Empat Wajah di Hadapan Cahaya

 

Dunia ilmu ibarat sebuah samudra luas tak bertepi, dan mereka yang mendatanginya memiliki perahu dan cara berlayar yang berbeda-beda. Setidaknya mereka dikenal dengan empat nama, empat peran, dan empat jiwa berikut.

 

——

 

Pertama, Santri: Akar yang Menghunjam Bumi;

Santri Laksana “Akar”.

 

Di keheningan malam, ketika dunia sedang terlelap, akar tetap terjaga. Ia tidak terlihat di permukaan, tersembunyi di balik dinding-dinding pondok, jauh dari hiruk-pikuk pujian. Santri tidak mencari ketinggian batang atau rimbunnya daun semata; mereka sibuk memperkuat diri di kedalaman tanah dengan membangun fondasi keimanan yang kuat, jejaring keilmuan yang solid, karakter akhlak karimah yang ikhlas, serta khidmah dan tabbarruk kepada guru (sang penyampai ilmu).

 

Filosofi mereka adalah ketahanan dan pengabdian (khidmah). Seperti akar yang rela menembus tanah keras dan bebatuan demi mencari sumber air kehidupan bagi pohon di atasnya, santri menggali “kitab kuning” warisan leluhur dengan ketekunan yang sunyi. Mereka belajar bahwa ilmu bukan hanya untuk dikuasai, tapi untuk dimasukkan ke dalam hati hingga menjadi karakter. Bagi Santri, keberkahan guru adalah hujan, dan kepatuhan adalah tanah subur tempat mereka tumbuh.
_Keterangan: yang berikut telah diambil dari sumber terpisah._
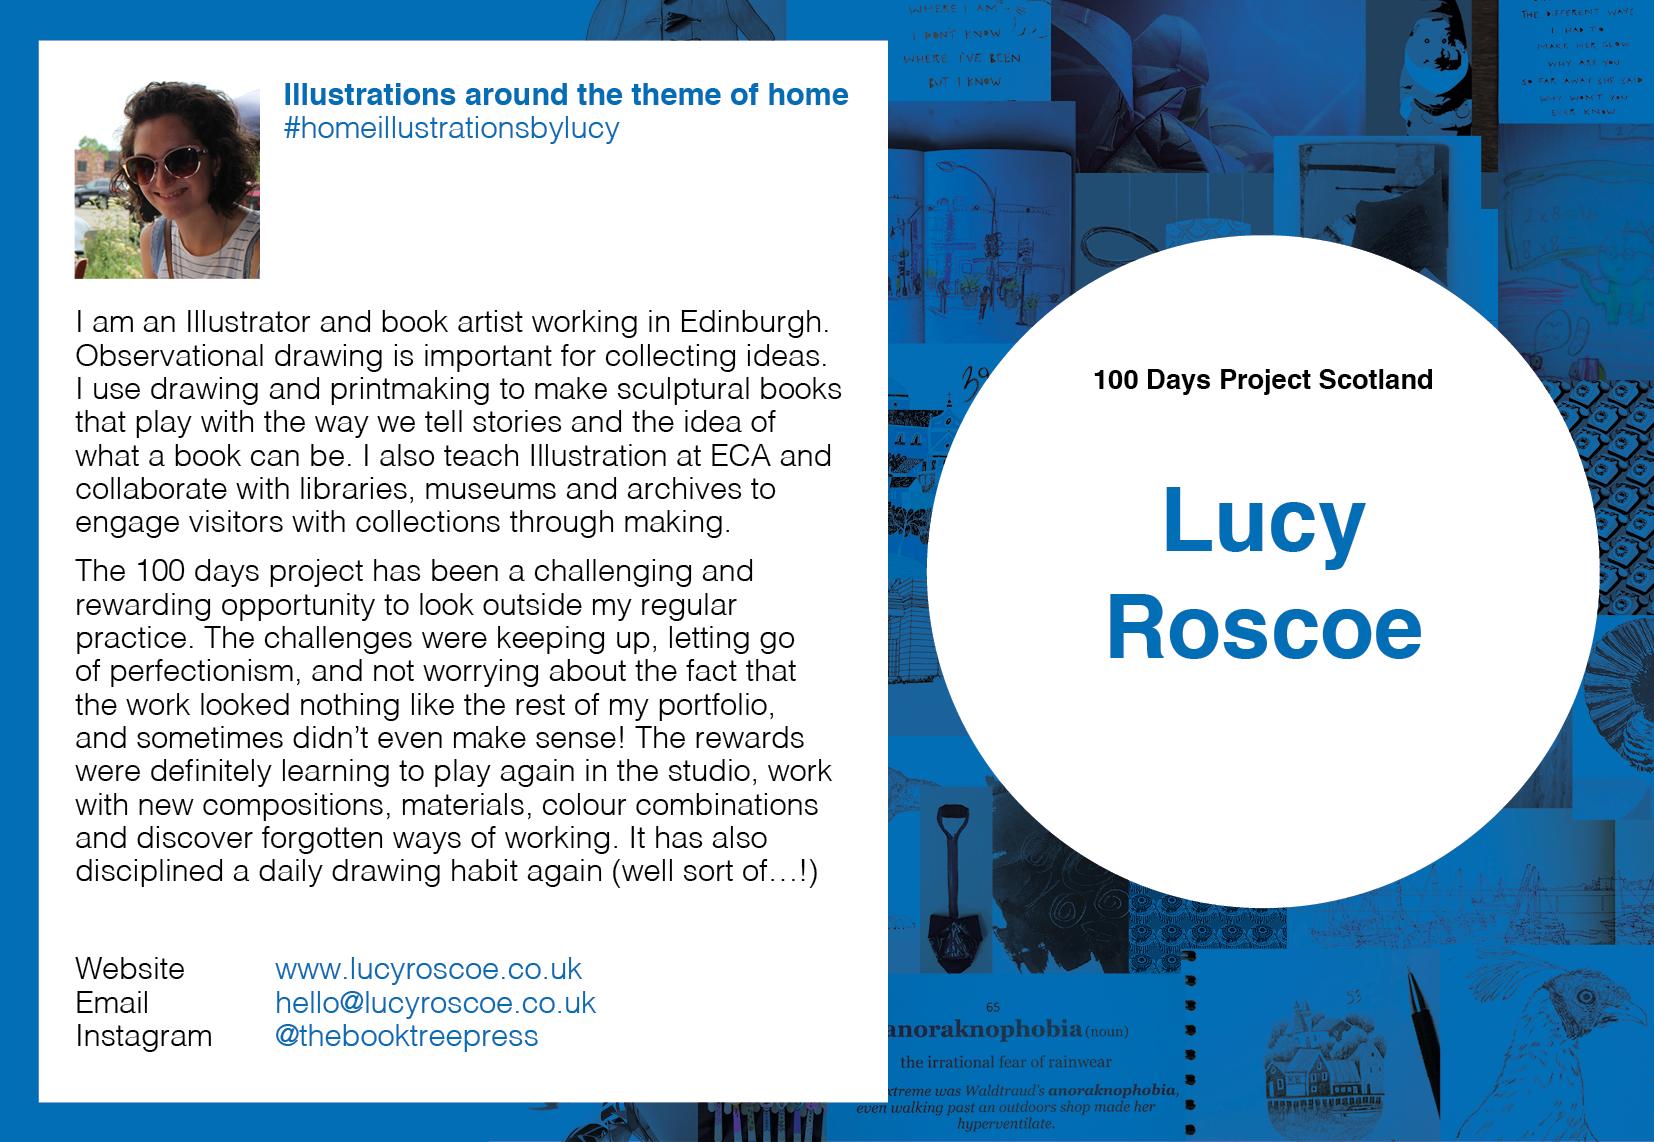 Lucy Roscoe

Mereka tidak sekadar belajar, mereka berlaku tirakat; menahan lapar dan kantuk demi menempa jiwa yang tangguh.

 

—–

 

Kedua, Murid: Cawan yang Menghendaki Isi;

Murid Ibarat “Cawan”.

 

Kata ini lahir dari iradah, yang berarti “kehendak”. Murid adalah dia yang menghendaki gurunya. Ia bukan sekadar penampung informasi, melainkan Cawan yang dengan sadar mengosongkan dirinya dari ego dan kesombongan agar bisa diisi oleh cahaya kebijaksanaan Sang Guru (Mursyid).

 

Jika santri adalah akar yang bekerja keras, Murid adalah mata yang senantiasa menatap bayangan gurunya. Hubungan mereka bukan transaksional, melainkan spiritual. Seorang Murid tahu bahwa ilmu tanpa sanad (talian) batin ibarat air yang tergenang—bisa keruh dan membusuk. Ia mengikuti gurunya seperti bayang-bayang mengikuti benda, atau seperti planet yang setia mengorbit mataharinya. Bagi Murid, ilmu adalah cahaya yang hanya bisa masuk ke hati yang bening dan penuh hormat (takzim).

 

—–

Ketiga, Pelajar: Pengembara di Belantara Kata;

Pelajar Umpama “Pengembara”.

 

Mereka adalah sosok yang dinamis, bergerak dari satu pertanyaan ke pertanyaan lain. Pelajar memegang peta rasa ingin tahu di tangannya. Istilah “ajar” menyiratkan sebuah proses aktif; mereka bukan benda diam, melainkan subjek yang terus melakukan perjalanan (journey).

 

Pelajar adalah lebah yang terbang dari satu bunga ke bunga lain, mengumpulkan nektar pengetahuan dari buku, pengalaman, dan lingkungan, lalu meraciknya menjadi madu pemahaman. Mereka tidak terikat pada satu tempat. Alam raya adalah sekolah mereka. Kaki mereka lincah, mata mereka liar menatap cakrawala. Bagi Pelajar, dunia adalah teka-teki raksasa yang kepingan-kepingannya harus mereka susun sendiri melalui eksperimen, kegagalan, dan penemuan kembali.

 

—–

Keempat, Siswa: Tunas yang Menatap Langit;

Siswa Semisal “Tunas”.

 

Dalam tatanan yang lebih formal, siswa laksana benih yang disemai dalam rumah kaca bernama sekolah. Mereka dirawat dengan sistem, diukur dengan kurikulum, dan dipersiapkan untuk menjadi penopang masa depan.

 

Siswa berperan arsitek bagi dirinya sendiri. Mereka belajar tentang struktur, logika, dan tatanan sosial. Jika Santri menjaga masa lalu (tradisi) dan Pelajar menjelajah masa kini, Siswa sedang merancang cetak biru masa depan. Mereka adalah calon-calon pemimpin yang ditempa dalam kedisiplinan waktu, seragam yang menyetarakan, dan target-target akademis. Siswa adalah tunas yang berambisi menyentuh langit, bersiap menggantikan pohon-pohon tua, membawa inovasi dan kesegaran bagi peradaban yang akan datang.

 

——

Epilog

 

Pada akhirnya, keempatnya bertemu di satu titik.

Santri memberikan kedalaman spiritual.

Murid memberikan kerendahan hati dan adab.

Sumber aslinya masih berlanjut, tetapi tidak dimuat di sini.